The output should contain the listing word for word and no pictures.

• **Material provided**
________________________________________
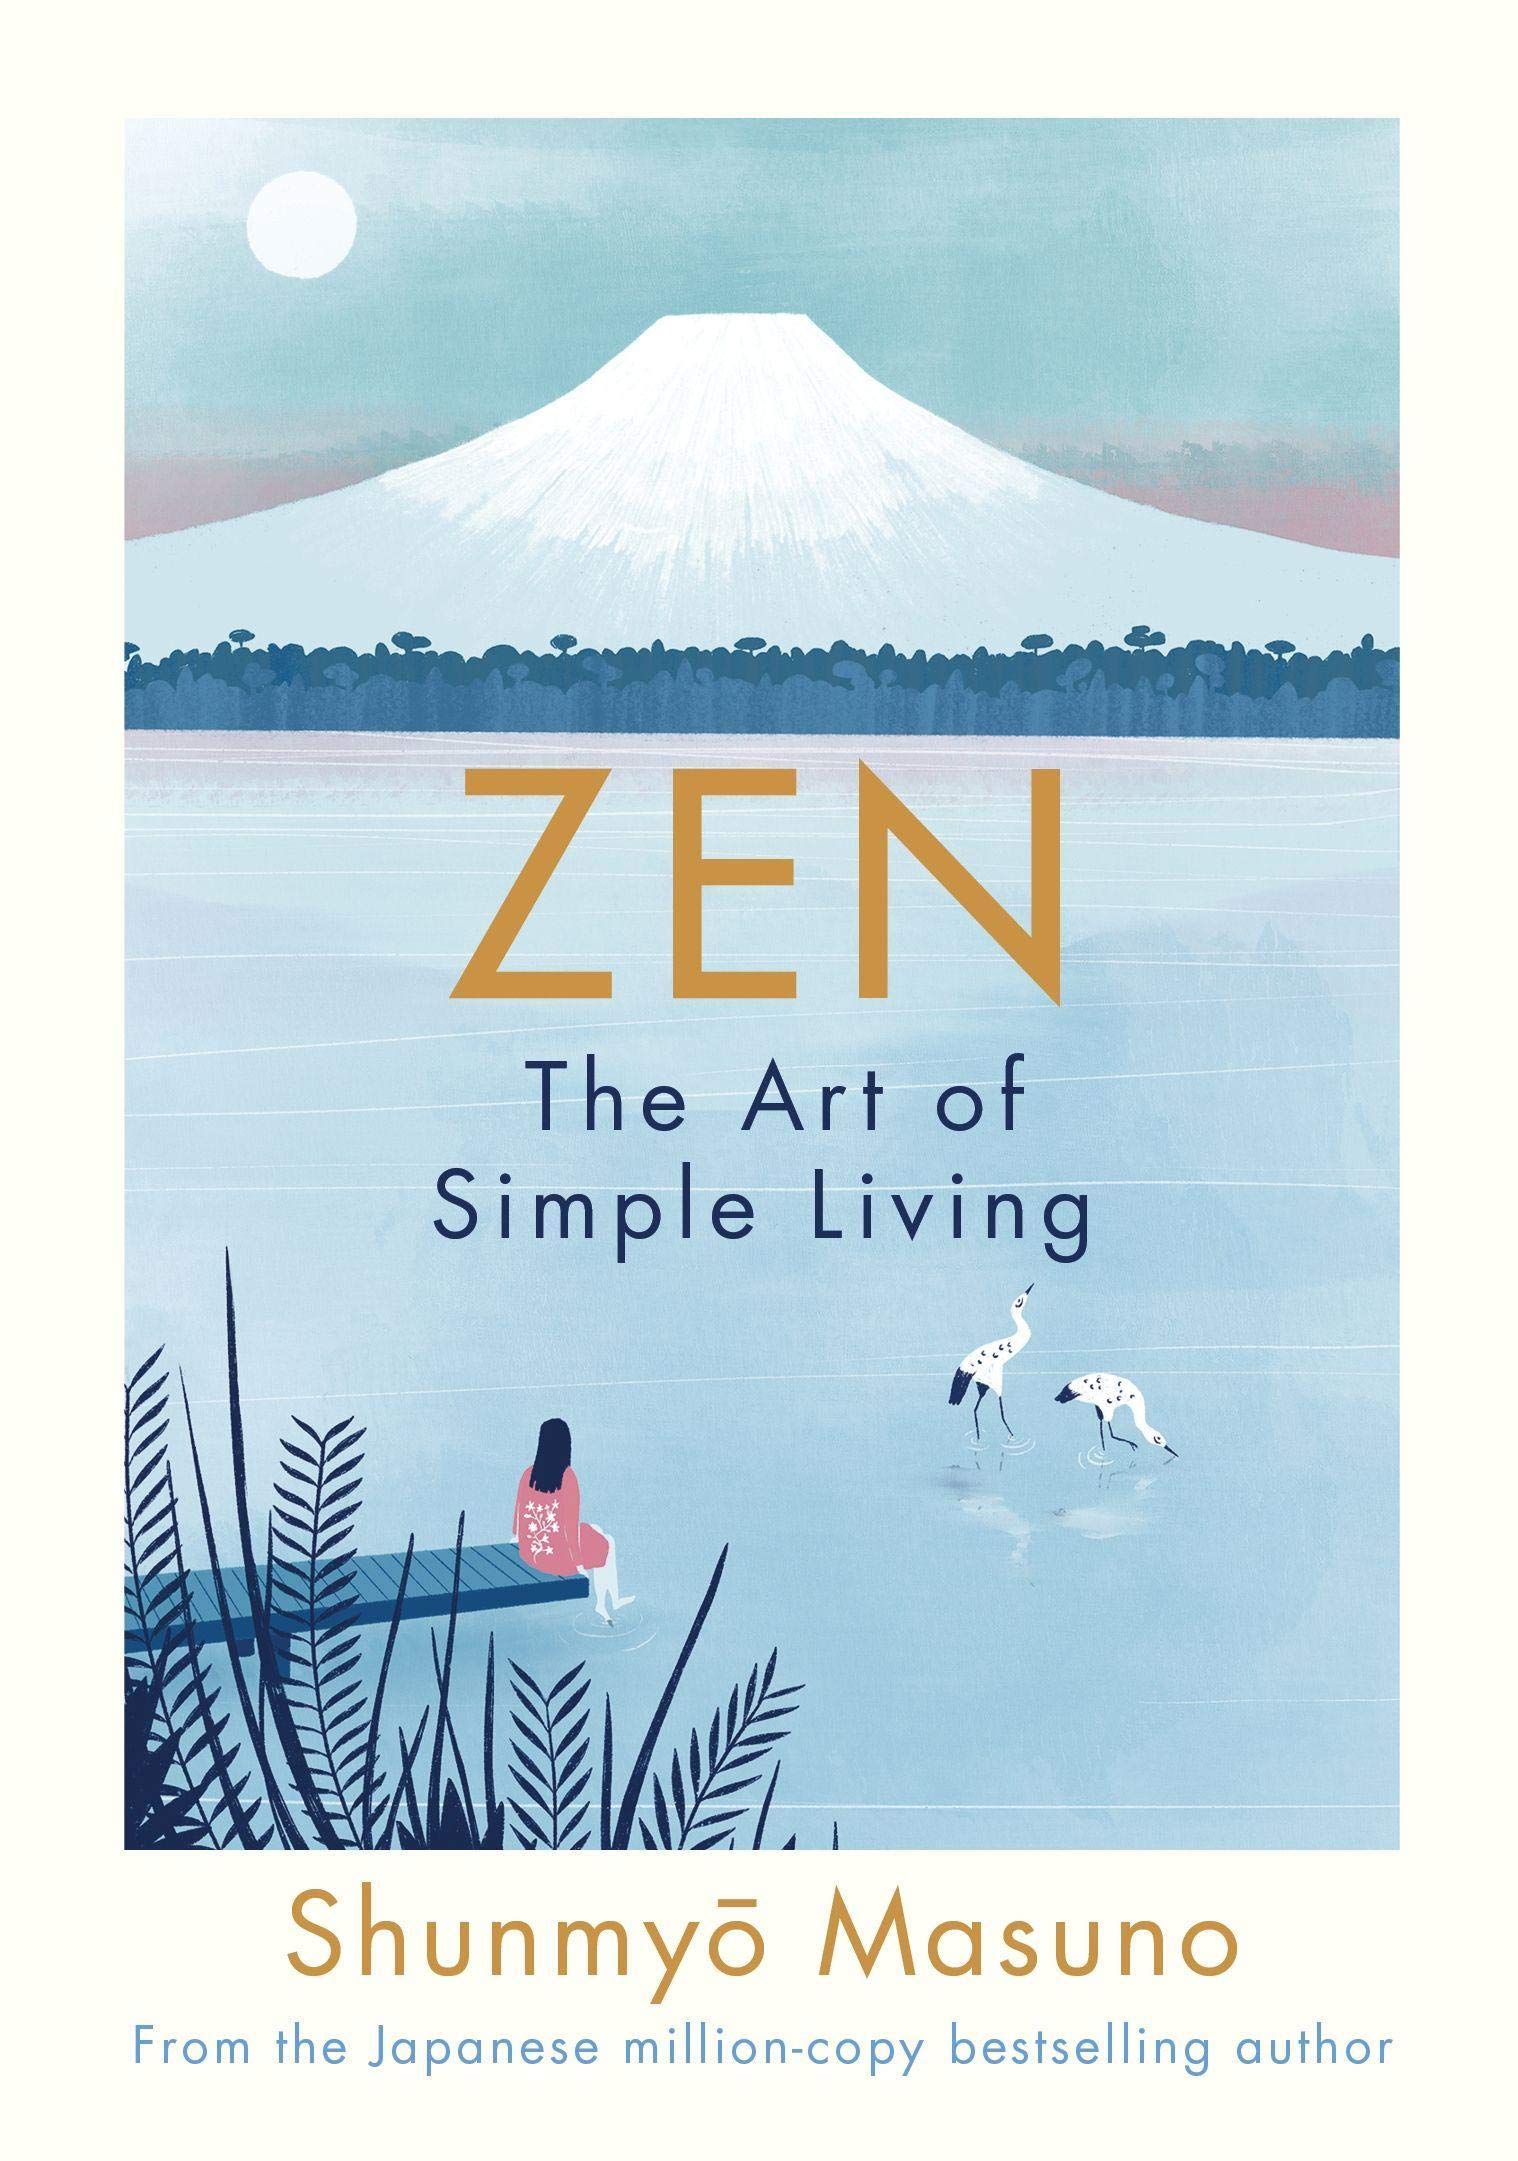 Zen and the Art of Simple Living. Graphic
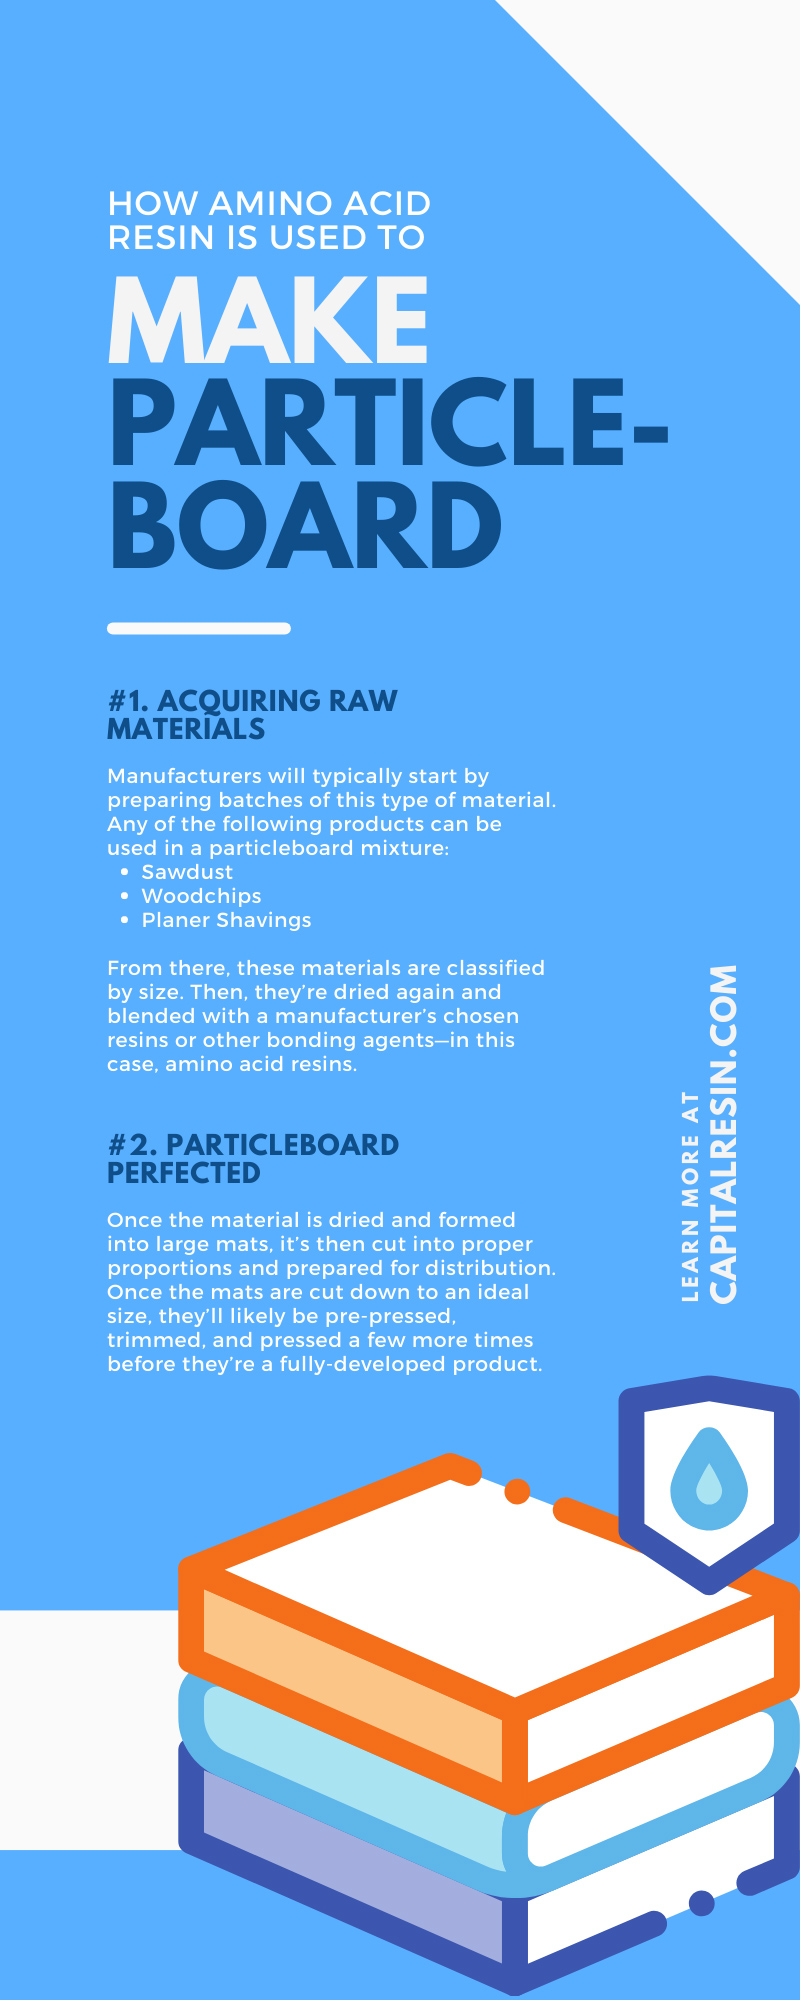 How Amino Acid Resin Is Used To Make Particleboard
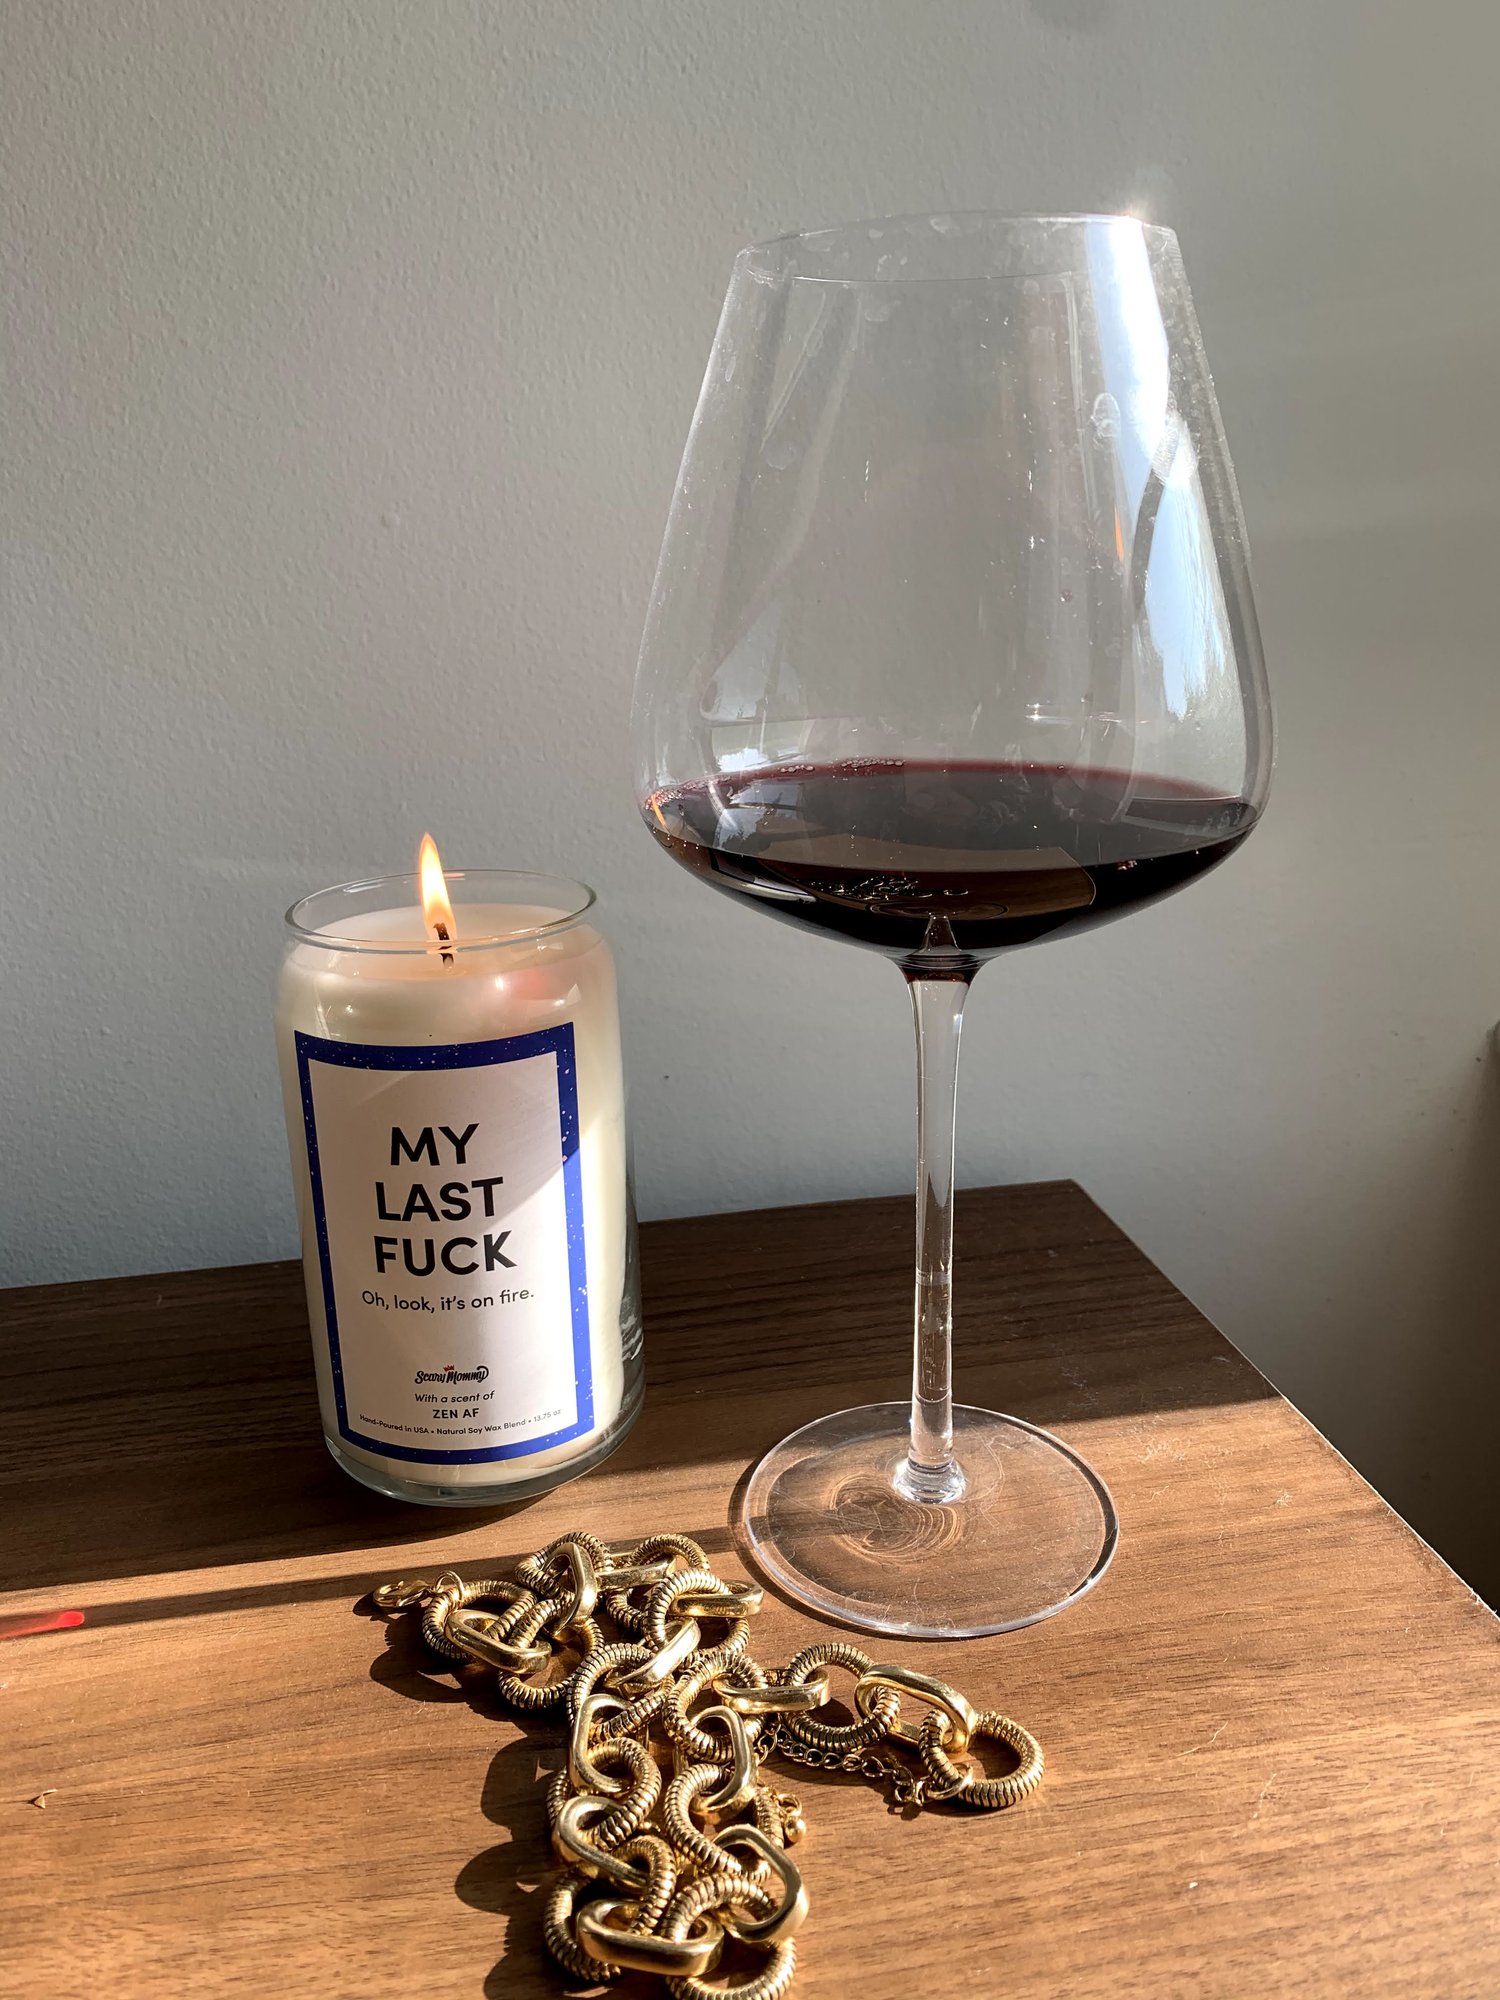 The Perfect Red Wine Glass — Good Trouble
________________________________________
• **Output for this exercise**
 Zen and the Art of Simple Living. Graphic
 How Amino Acid Resin Is Used To Make Particleboard
 The Perfect Red Wine Glass — Good Trouble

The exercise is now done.